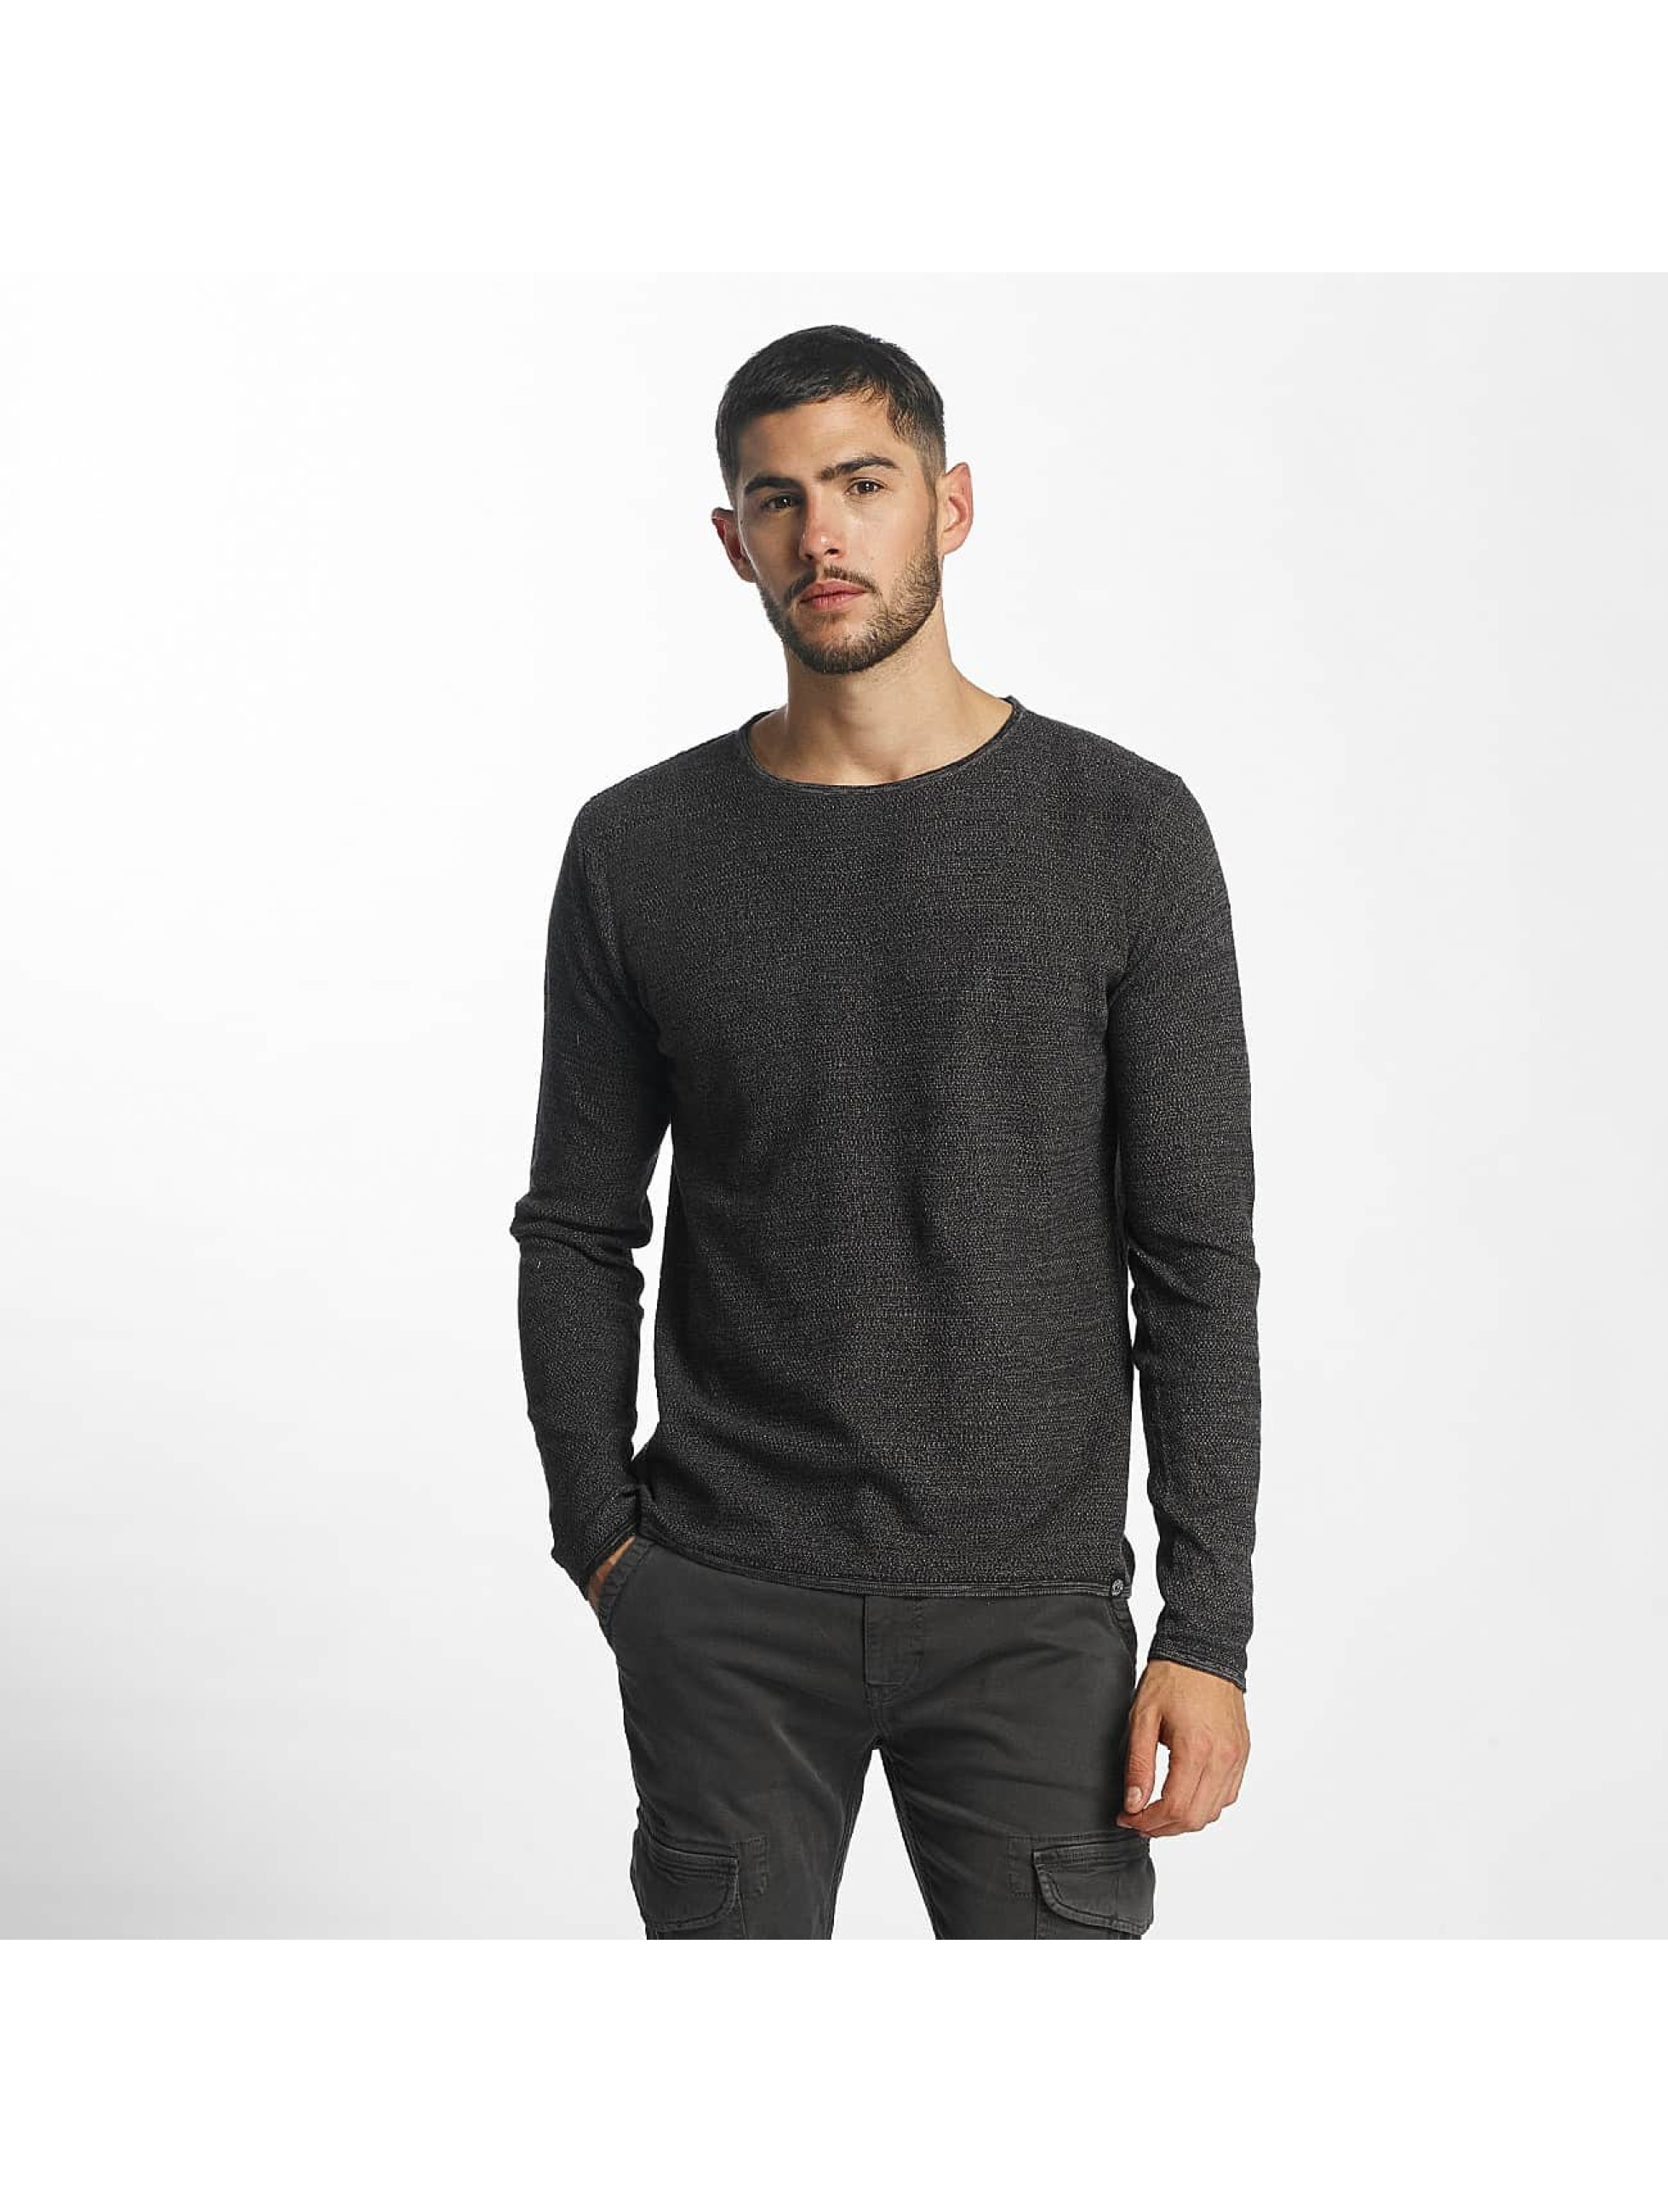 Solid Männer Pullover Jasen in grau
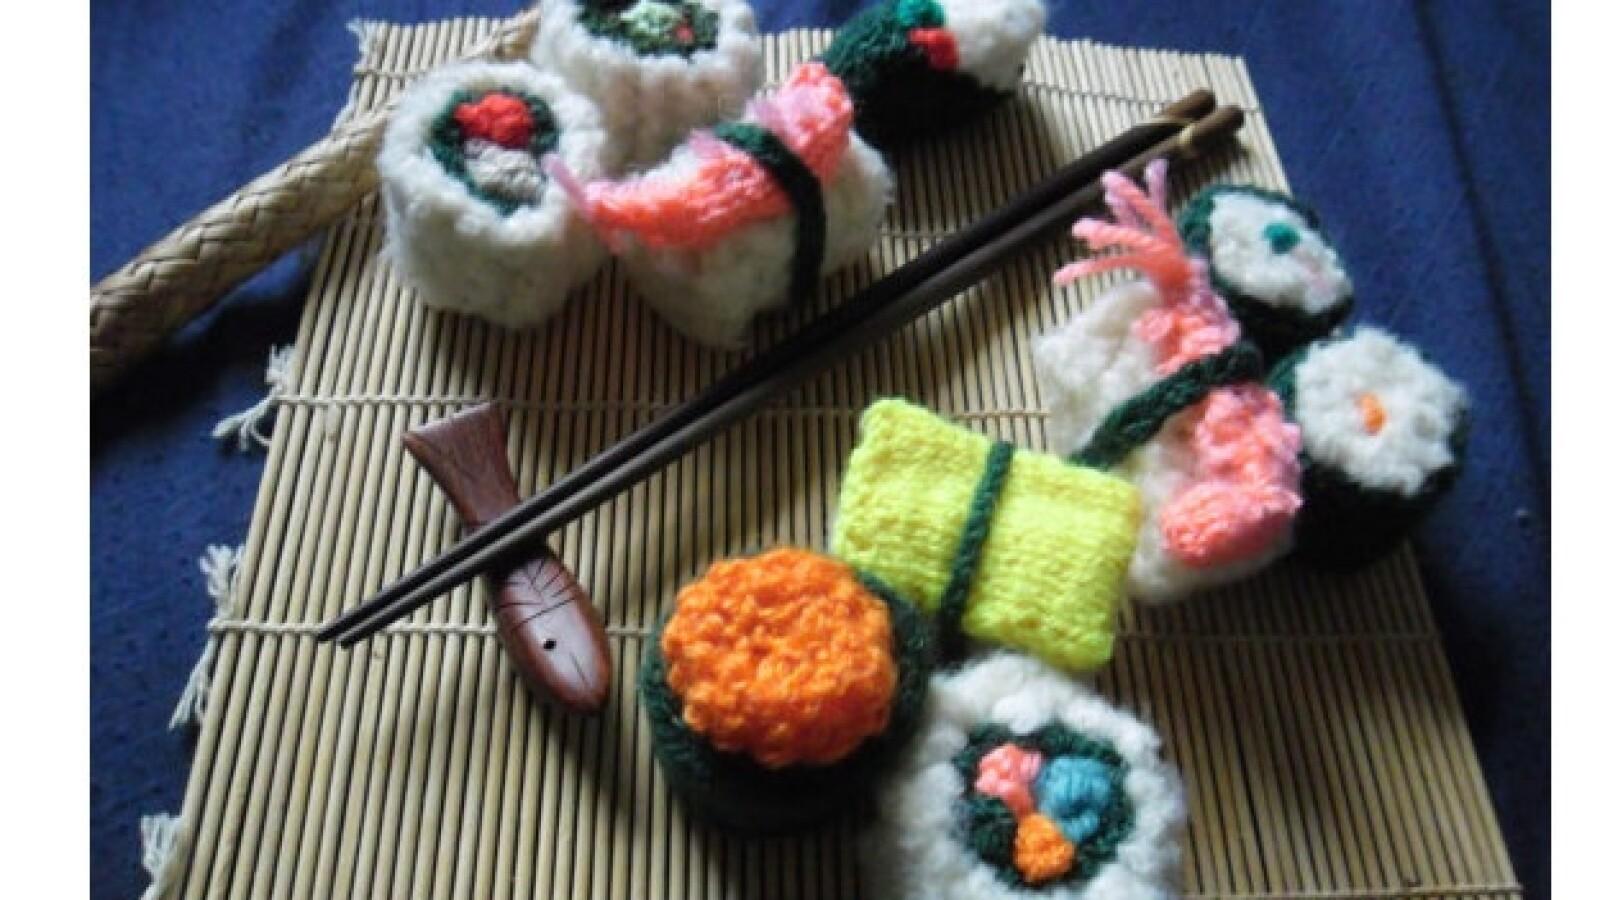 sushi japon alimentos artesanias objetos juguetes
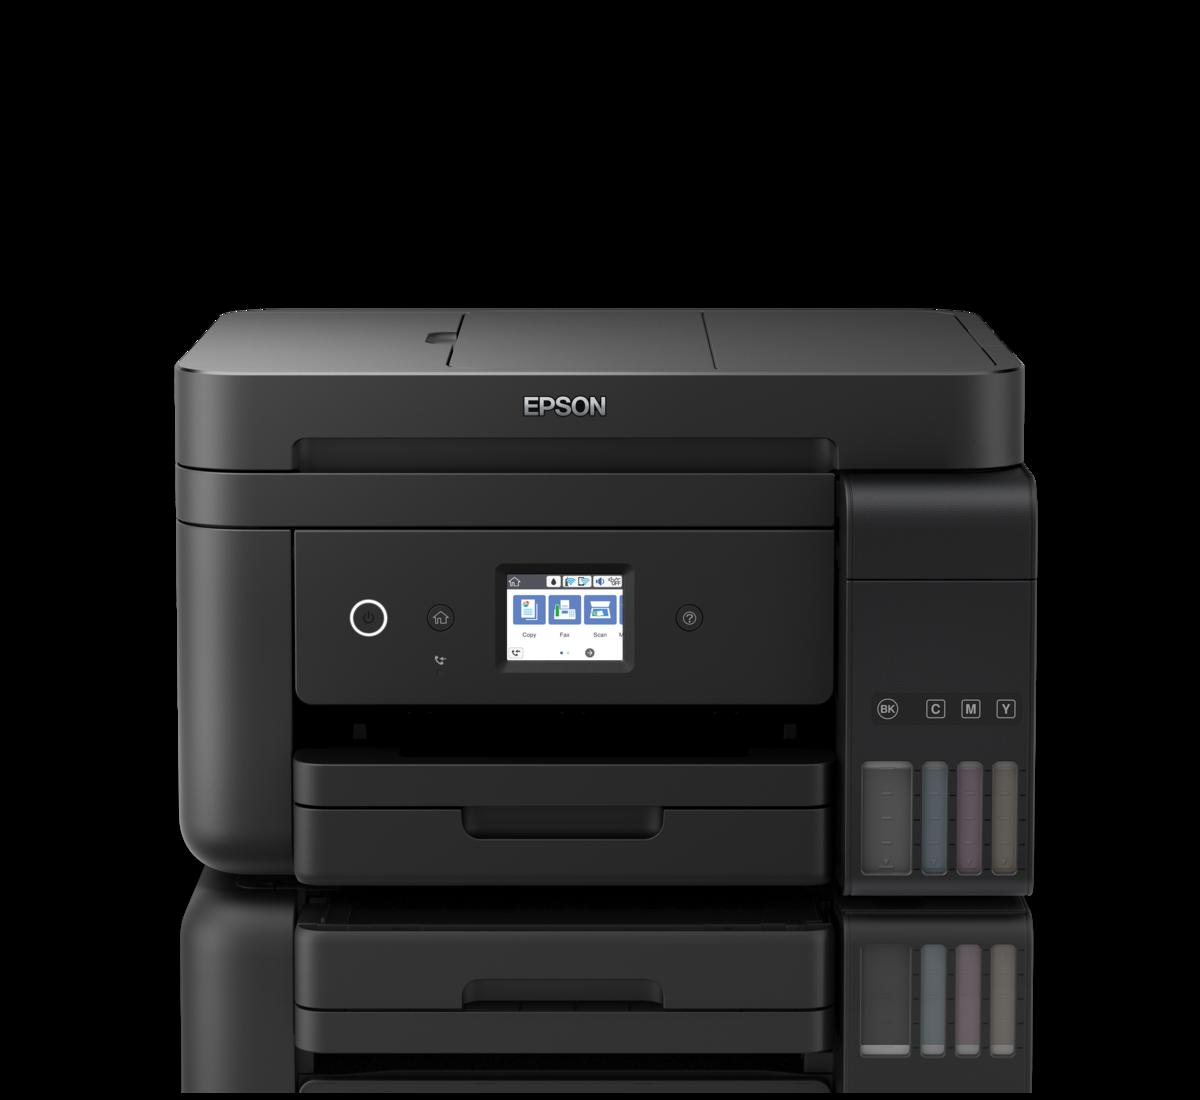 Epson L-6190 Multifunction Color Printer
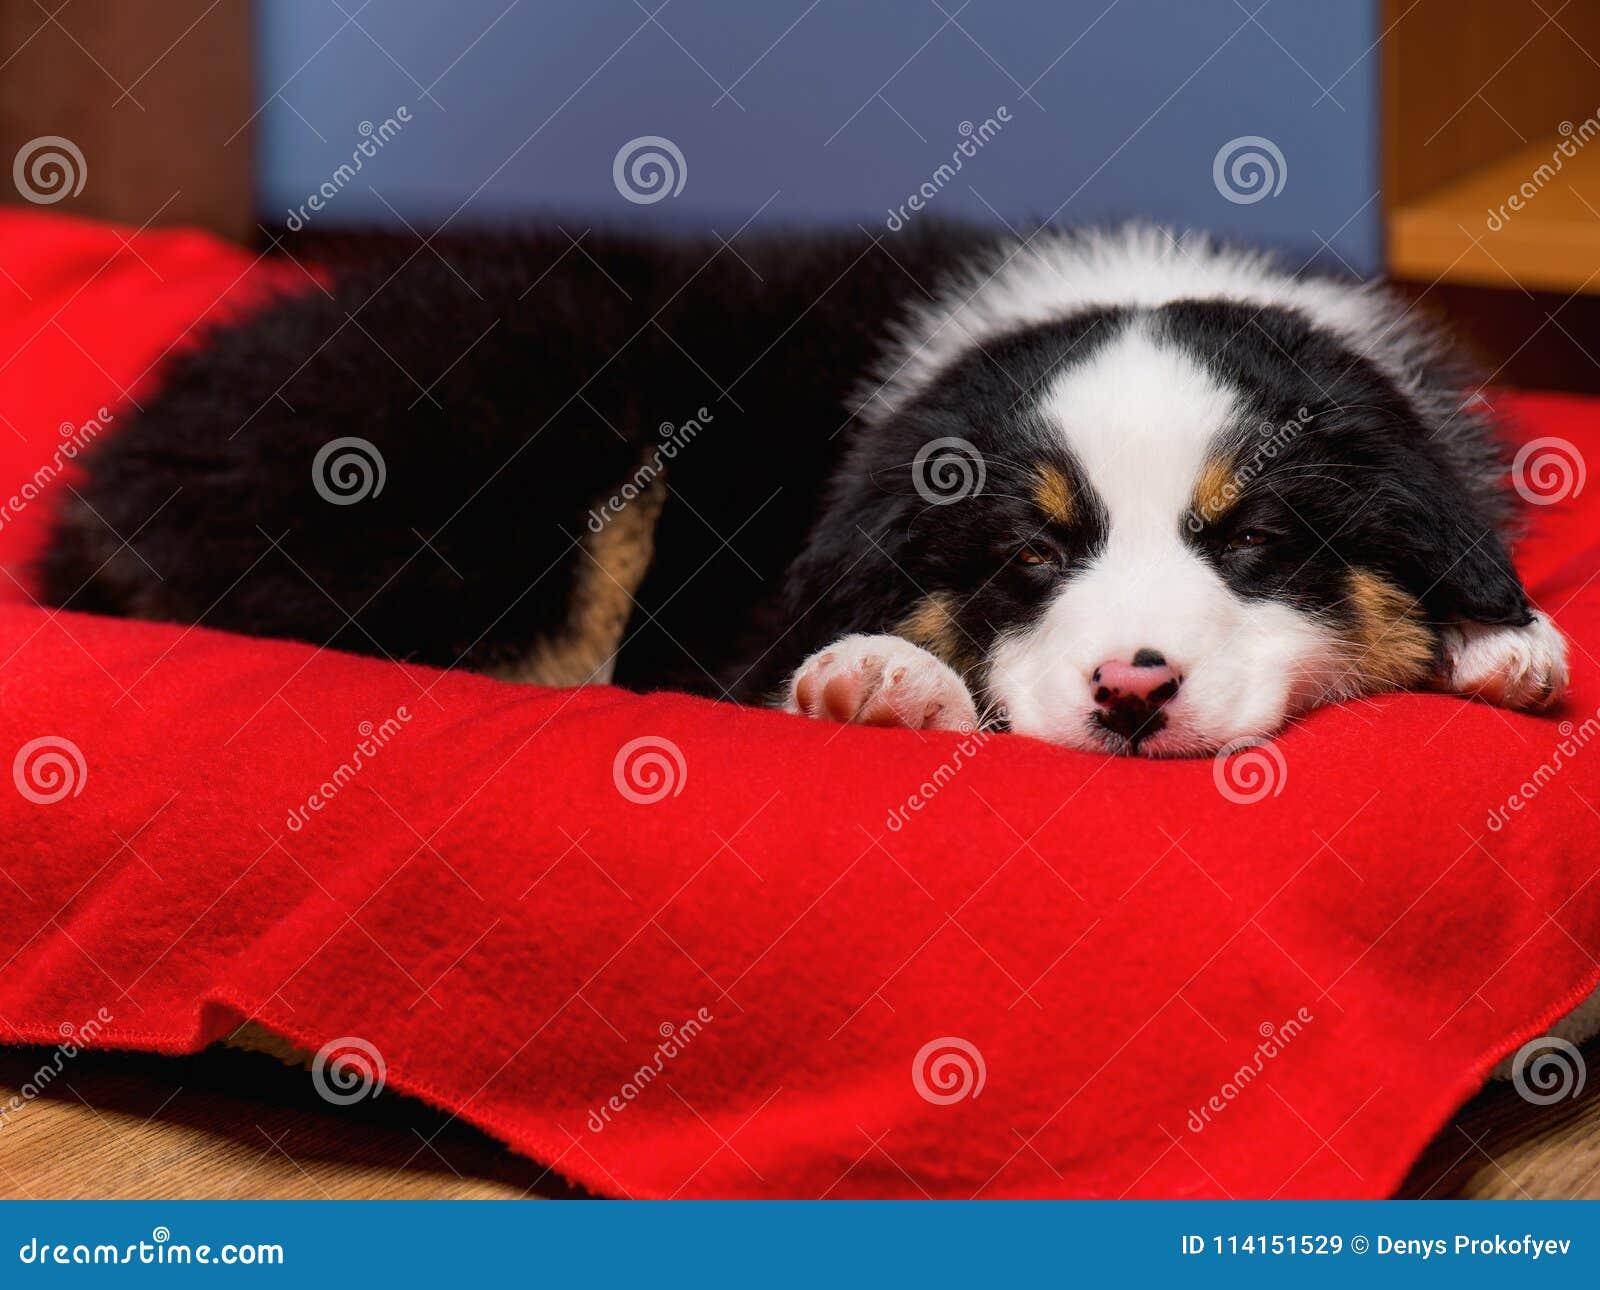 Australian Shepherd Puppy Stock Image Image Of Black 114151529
•••
:: Problem description ::
Return nothing except the lines from the one containing "sushi japon alimentos" through the final line of the data, copied exactly. Leave out all pictures.

:: Answer section ::
 sushi japon alimentos artesanias objetos juguetes
 Epson L-6190 Multifunction Color Printer
 Australian Shepherd Puppy Stock Image Image Of Black 114151529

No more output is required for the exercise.